Dass die Firma ESP hervorragende Instrumente produziert, darüber ist sich nicht nur die Fachwelt einig. Doch wie so oft bei hochwertigen Musikinstrumenten, gibt es einen entscheidenden „Kill-Off-Effect“, der spätestens beim Aufrufen des Verkaufspreises für viele Musiker mit nicht so prall gefüllten Brieftaschen eintritt.
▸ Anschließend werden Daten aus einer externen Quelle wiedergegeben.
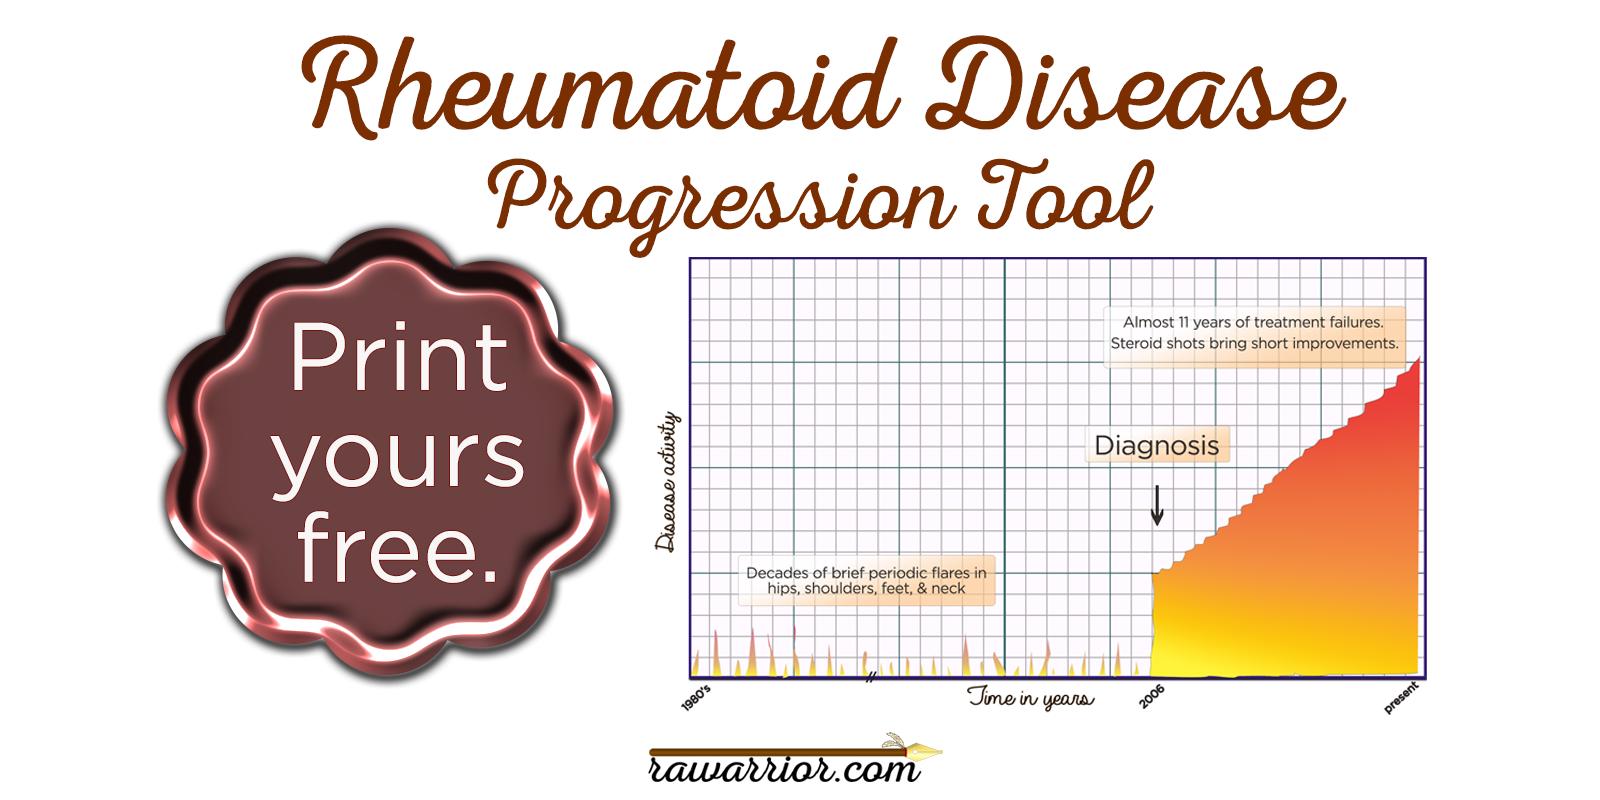 Rheumatoid Arthritis Progression

Um dem entgegenzuwirken, setzt man bei ESP, wie auch viele andere Hersteller auch, auf die Produktion in fernöstlichen Betrieben, denn anders könnte man ein solches Instrument wie unseren heutigen Testkandidaten zu einem Straßenpreis von knapp unter 400,- Euro in den heimischen Läden wohl kaum anbieten. Unter dem Label LTD erhält man also die gesamte Kompetenz und Erfahrung von ESP, zumindest was die eigentliche Fertigung betrifft. Denn die verwendeten Materialien sind zumeist doch von deutlich minderer Qualität als die der ESP-Instrumente, aber für viele eben noch akzeptabel. Das erklärt auch die weite Verbreitung der LTD-Instrumente, gerade im Heavy-Bereich. Und genau dort befindet sich auch eindeutig unser heutiges Testmodell, die LTD EC-330 BK. Schauen wir also mal in einem genauen Amazona-Test, wie weit dieses in Indonesien gefertigte Instrument den Ansprüchen des Hauses ESP, und nicht zuletzt uns Musikern, genügt.

-- Die LTD EC-330 --

— Die LTD EC-330 —

Nackt und schutzlos, also ohne Case und/oder Gigbag, erreicht die LTD EC-330 BK ihren neuen Besitzer. Dieser ist sicher ein Fan von Gibsons Les Paul-Modell, denn das Erscheinungsbild fällt schon auf den ersten Blick dementsprechend eindeutig aus, auch wenn der zweite Blick dann doch prompt einen entscheidenden Unterschied bemerkt. Denn die LTD EC-330 BK besitzt, gegenüber den geleimten Versionen von Gibsons Dauerbrenner-Klassiker, einen geschraubten Hals. Der zweite, genauere Blick erhascht dann auch weitere Unterschiede bezüglich des Shapings des relativ schmalen Bodys, deren Auswirkungen sich natürlich auf den Faktor Gewicht niederschlagen. Gegen ein Les Paul-Modell wirkt die EC-330 BK tatsächlich wie ein wahres Federgewicht. Fairerweise sollte aber auch erwähnt werden, dass der Korpus unseres Testinstrumentes wirklich deutlich schmaler ausfällt als die Mahagoni-Ahorn-Boliden ihrer Formgeberin Les Paul.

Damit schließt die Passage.